Fase 2 è l’ora dei contagi per capire come ci sarà (se ci sarà) la ripresa dei consumi e di conseguenza se tornerà a girare il denaro, oppure i soldi rimarranno congelati in banca. Tra poche certezze e molti dubbi la Confesercenti sonda i cittadini e vede che i consumi vanno al rallentatore, e di confida nell’estate.
“Il 72% delle imprese è già ripartito, ma ad oggi solo il 29% degli italiani è tornato a servirsi delle attività che hanno riaperto per acquistare prodotti o servizi”. Calcola la Confederazione che confida nella ripresa dei fine settimana che potrebbero “segnare un’accelerazione”: il 26% dei consumatori progetta acquisti. È quanto emerge da un sondaggio condotto da SWG con Confesercenti su consumatori ed imprese.
A pesare sui consumi è l’onda lunga dell’emergenza. Tra chi ha rinunciato agli acquisti, infatti, il 54% dichiara di non aver comprato perché non ne aveva bisogno. “Si continua, dunque, ad attenersi ai consigli di limitare gli spostamenti non strettamente necessari. Il 24%, invece, non è tornato in negozi e bar per timore di esporsi a rischi”, rivela la Confeseecenti, “Ma c’è anche un 14% che preferisce risparmiare: i primi segnali delle tensioni sul lavoro, dipendente e indipendente, seguite all’emergenza sanitaria”. L’ombra del Covid, secondo Confesercenti, si proietta anche sulle abitudini: l’88% ritiene che, terminata l’emergenza, continuerà ad evitare assembramenti, mentre il 68% ha riscoperto grazie alla mobilità ‘ristretta’ le attività del proprio quartiere, e segnala l’intenzione di servirsene di più.

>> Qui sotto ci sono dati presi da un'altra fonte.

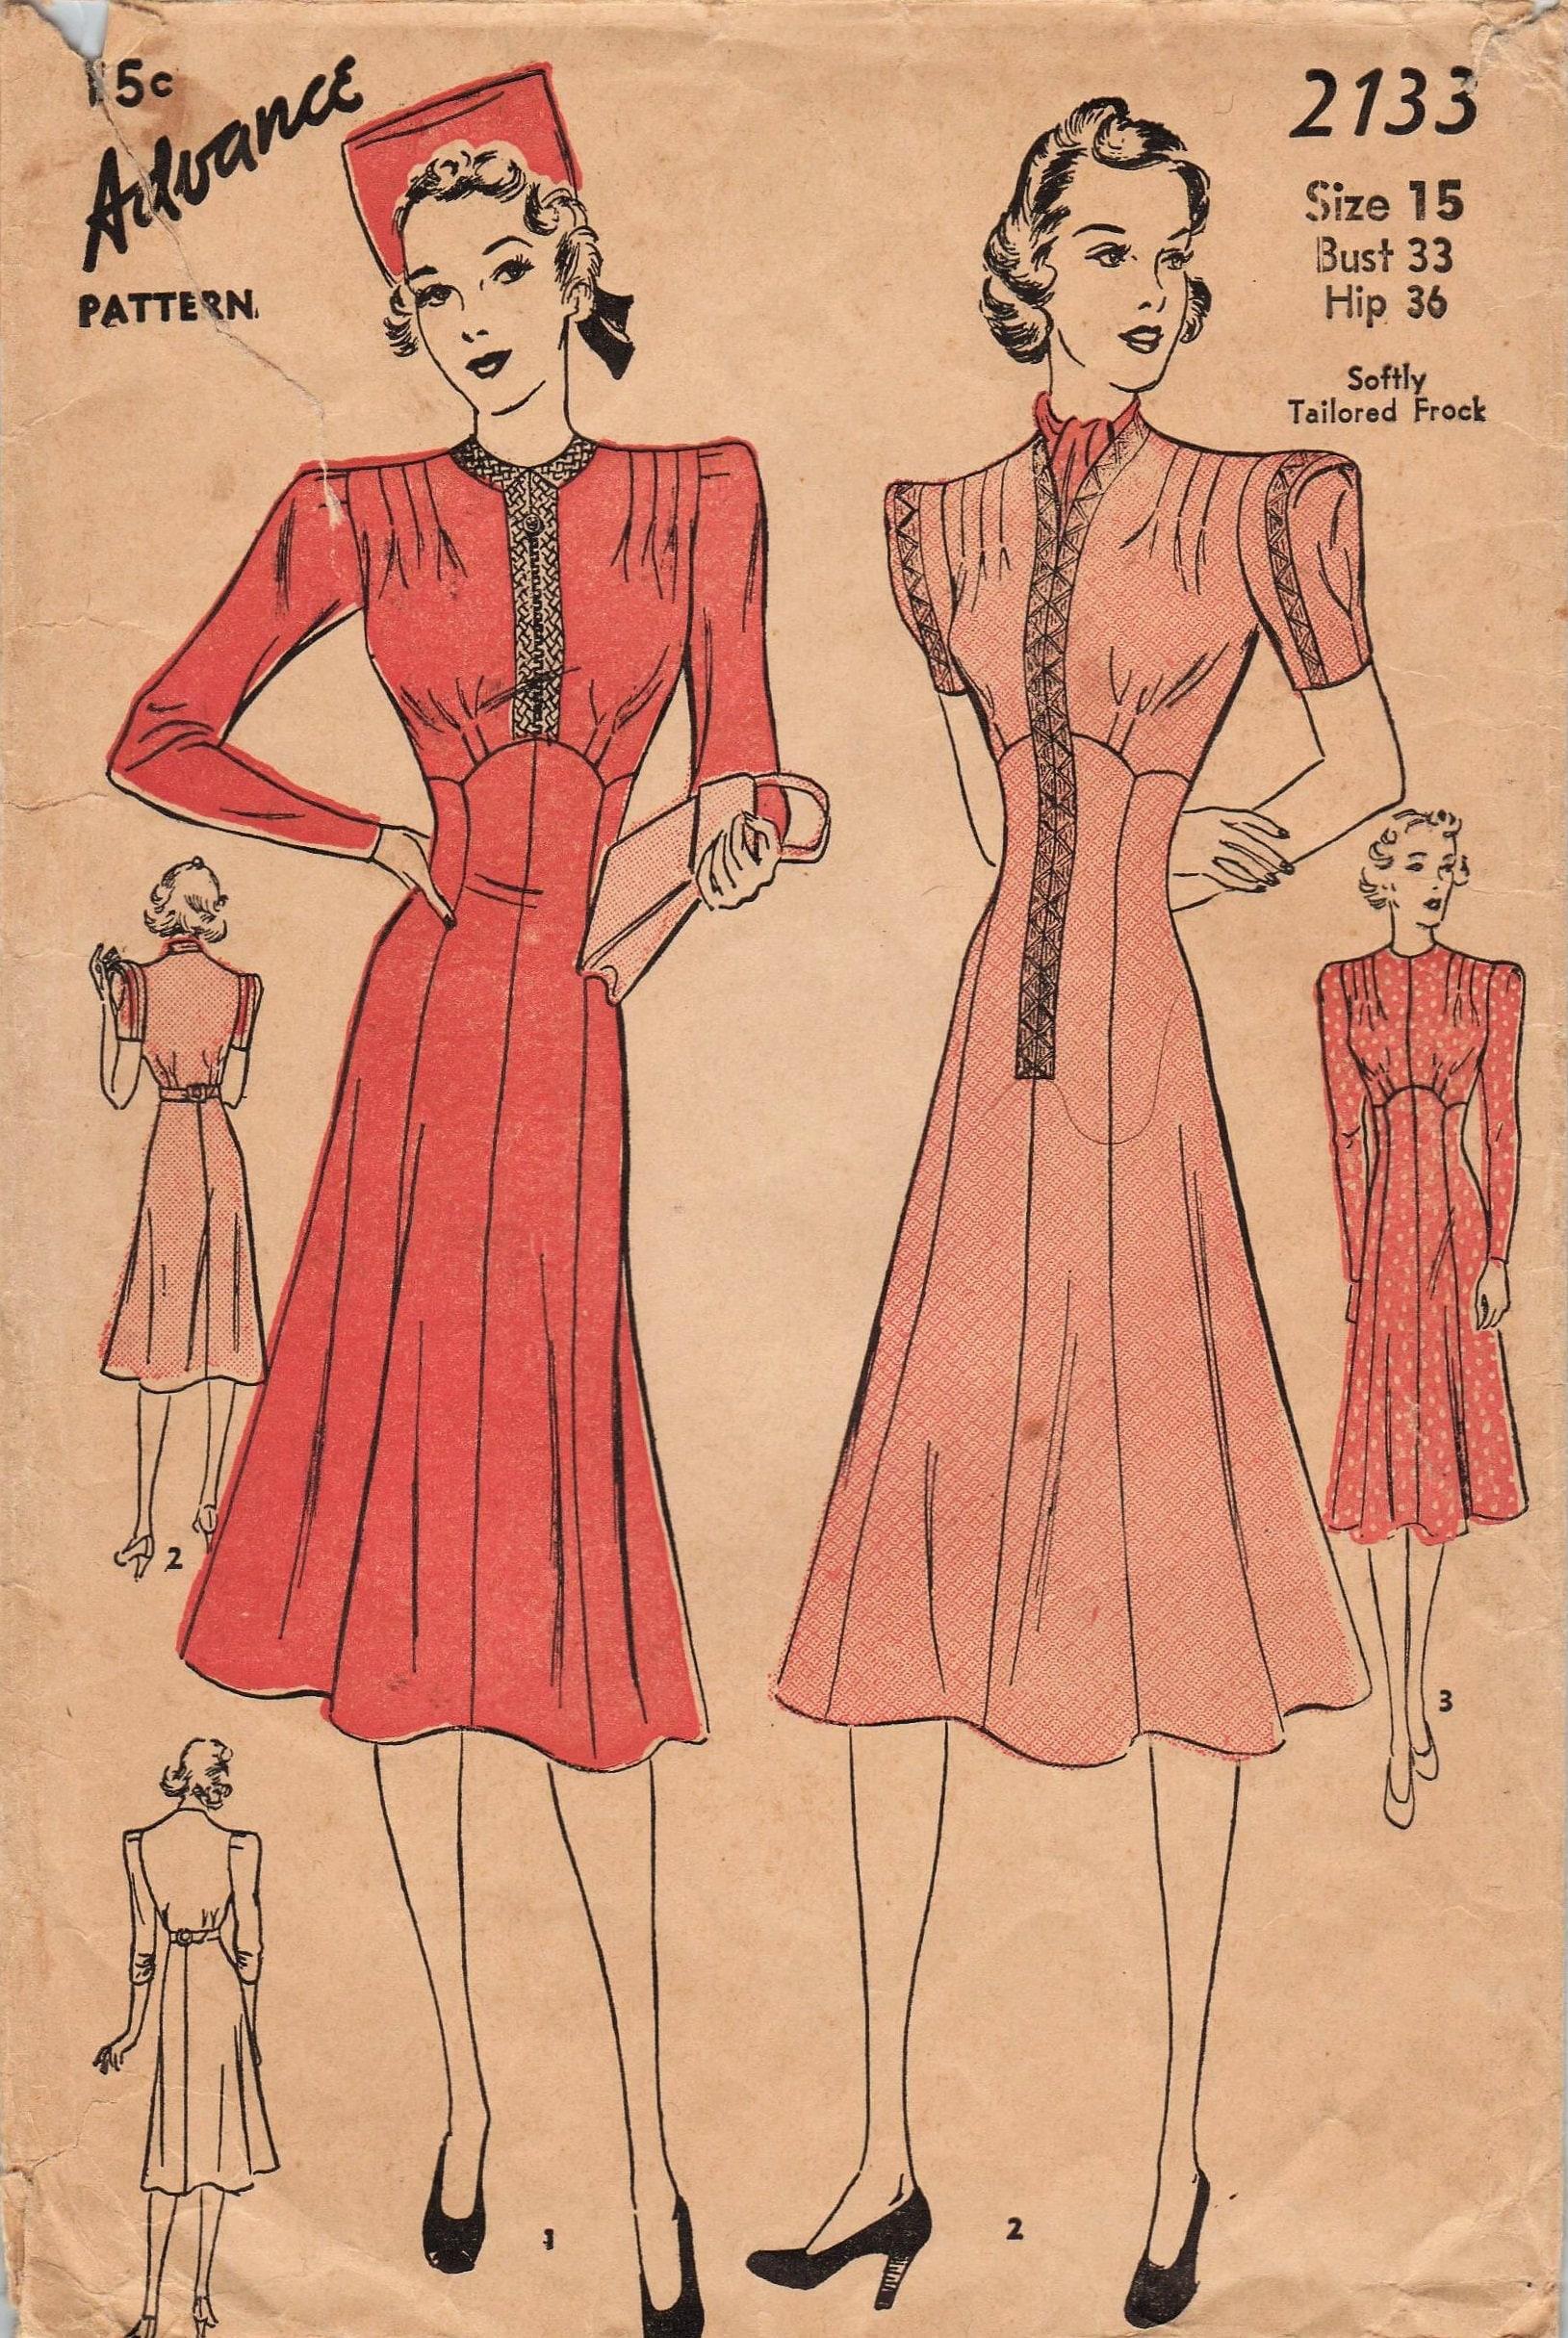 Advance 2133 vintage 1930s sewing pattern dress size 15 description this vintage advance sewing pattern jeuxipadfo Choice Image

Più di quanti (il 54%) hanno invece intenzione di rivolgersi maggiormente, in futuro, all’online.
“L’ancora ridotto movimento dei clienti”, segnala la Confederazione degli esercenti, “però, ha inciso pesantemente sui ricavi della maggior parte delle attività in questi primi giorni di ripartenza.
Complessivamente, il 68% di chi ha riaperto ammette di aver lavorato fino ad ora in perdita, di questi quasi la metà (37%) segnala vendite più che dimezzate rispetto alla normalità. Il 17% ritiene invece di aver mantenuto livelli di ricavi più o meno uguali al periodo ante-lockdown, mentre solo un 13% vede una crescita dei ricavi”. A soffrire di più sono stati ristoranti, trattorie e pizzerie: il 92% degli imprenditori della somministrazione ritiene insoddisfacenti o molto insoddisfacenti i risultati dei primi giorni d’apertura. Seguono i bar (83%). Centri estetici e parrucchieri, invece, vivono un primo rimbalzo, con una percentuale di soddisfatti e molto soddisfatti rispettivamente del 81 e del 62%.
“Su tutti”, fa presente la Confesercenti, “pesa l’aumento delle spese: in media, sanificazione e dispositivi di protezione sono costati 615 euro ad impresa”. E gli aiuti faticano ad arrivare: secondo un approfondimento di Confesercenti sui propri associati, tra le imprese che hanno fatto richiesta per le forme di credito agevolato messe a disposizione dal Decreto Liquidità, il 51% riferisce di aver ricevuto risposta negativa. “Nonostante le difficoltà”, segnala la Confederazione, “però, le imprese non abbandonano il campo: solo il 2% progetta di tornare a chiudere in tempi brevi, mentre l’81% continuerà a mantenere aperta l’attività come oggi. Ma c’è un 17% che così non riesce a sostenere i costi, e ridurrà gli orari e/o i giorni di apertura”.
Anche se le imprese non si tirano indietro, c’è bisogno di considerare le difficoltà di questa fase e prevedere sostegni per chi riparte. L’aumento dei costi di gestione legato alle procedure di sicurezza è anticipato dalle imprese, che dopo quasi tre mesi di fermo hanno bisogno di liquidità. “Purtroppo”, osserva infine l’associazione, “come ha riconosciuto lo stesso governo, i finanziamenti continuano ad arrivare ad un ritmo troppo lento. È necessario dar loro un nuovo impulso: le attività non possono resistere a lungo in questa situazione”.